If the answers to any of those are good, then perhaps it's possible. If the answers are all bad, then it's simply not possible to do what you want.

[Edit: the answer to your new question, taking into account the comment below, is:

double value = (double) score - ((double)timestamp) / (((long long)1) << 33);

Much easier. It's good until 2242AD.

This assuming double is 64 bits on your implementation, which is almost universal.]

Let's say you were going to use unsigned values, and your maximum score was 31.

You could use the top 5 bits for the score, and the lower 27 for the timestamp.

Note that this constrains the limits of both values, so you must consider the possible values and what you will do if you try to use values outside of that range.

To store...

composite = ~(score << 27) | timestamp;

And to later get the values:

#define TIMESTAMP_BITS ((1 << 27) - 1)
score = composite >> 27;
timestamp = composite & TIMESTAMP_BITS;

Please note though that you want to check the score and timestamp before using them, and probably apply masks to be sure the values do not overlap.

Edit

Riderchap makes a good point. The timestamps you give as an example would be too large to use with a 32 bit integer. My answer is more of a demonstration of how to do this in principle.

Although you've subsquently said that you actually have a double available to store the information, I thought I might still share some thoughts on doing this with a 32 bit integer.

Firstly, in order to have these numbers sort in score order first and time order second, you want the score to occupy the higher value places and the timestamp to occupy the lower. To place the score in the higher value places, we must pick a multiply it by some constant factor. The largest number that can be represented by an unsigned 32 bit integer is 4,294,967,295 , and we we have a score range of 0 to 1,000,000. This gives us a multiplier of 4,294.

We then have the lower-value positions occupied by the timestamp - just need to add that in. This gives us:

N = SCORE * 4294 + TIMESTAMP;

The reverse conversions are:

SCORE = N / 4294;
TIMESTAMP = N % 4294;

However, note that the range this allows for the TIMESTAMP is 0 to 4293 inclusive. Anything higher would overflow into the parts of N occupied by the SCORE. If TIMESTAMP is simply a number of seconds (starting at 4293 for the earliest score and counting down), this only gives us a maximum time of just over 71 minutes from the earliest score to the latest - probably insufficient.

This is simply a limit on the number of different buckets you can represent with a 32 bit integer - to be able to represent more distinct timestamps with this model, you need to reduce the number of distinct scores you can represent.
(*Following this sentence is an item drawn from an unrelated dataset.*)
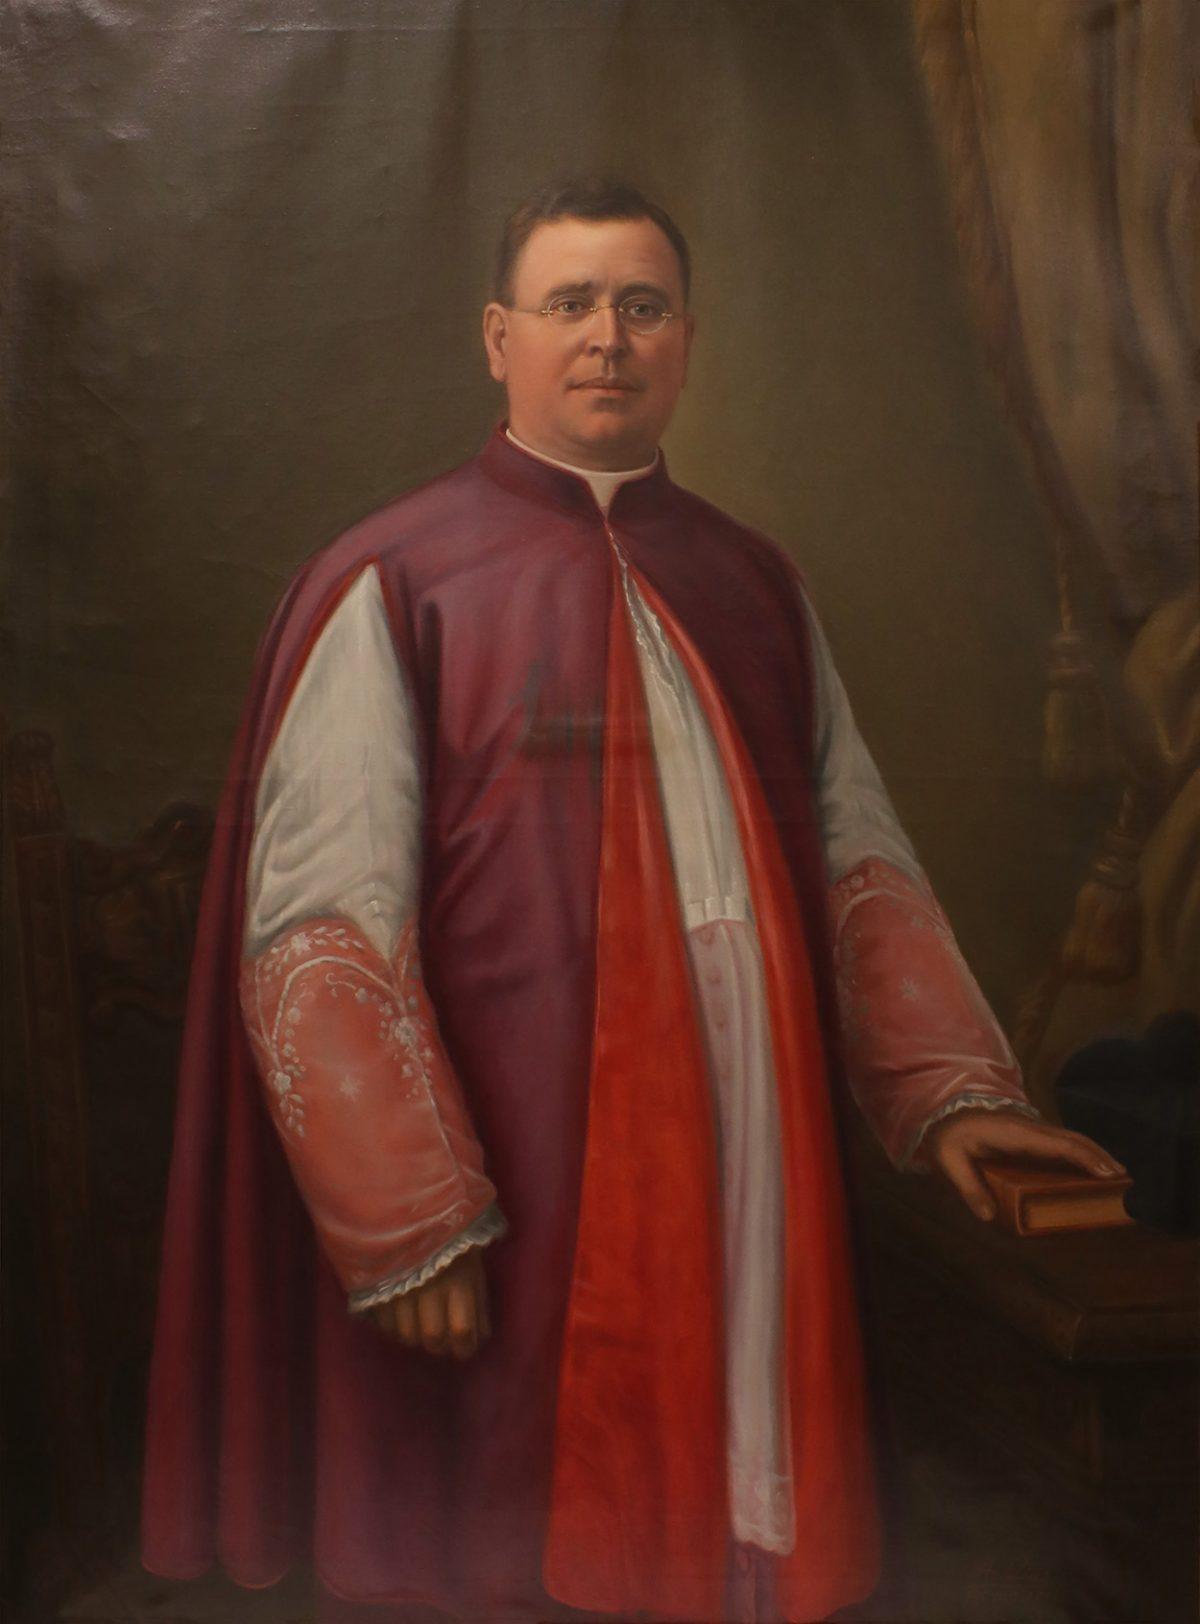 Object of the Week – Portrait of Monsignor John A. Stafford, S.T.L.

However, note that we don't really want the timestamp as a timestamp - we just want it as a monotonic ordering on the scores. As an alternative, we can keep a counter. Initialise the counter to 4293. When a new score comes in, store it with the current value of the counter as its "timestamp", then decrement the counter. This will allow 4294 distinct highscores to be stored before the counter runs out.

As a further refinement, we can note that we only care about the ordering within the same SCORE value. This suggests another alternative: when a new high score comes in, find the current lowest TIMESTAMP value for that score. Decrement it by 1, and use that for the "timestamp" of the new score (if this is the first time that this SCORE has been submitted, use 4293 as the timestamp). This will allow 4294 high scores per individual score value.

Depending upon the high score, you would need to switch the number of bits to shift. Lets assume a max score of 255, which gives us a shift of 8 bits.

unsigned int combined = ~(score << 32-8) | (time & 0x0FFF);

That might cut off the MSB of time, but unless you're expecting a tie with a few years difference, you'll be fine. It inverts the score and places it in the top 8 bits, then it combines it with the time in the lower 24. The smallest value will be the top score (inverted high score=lowest score and lowest timestamp).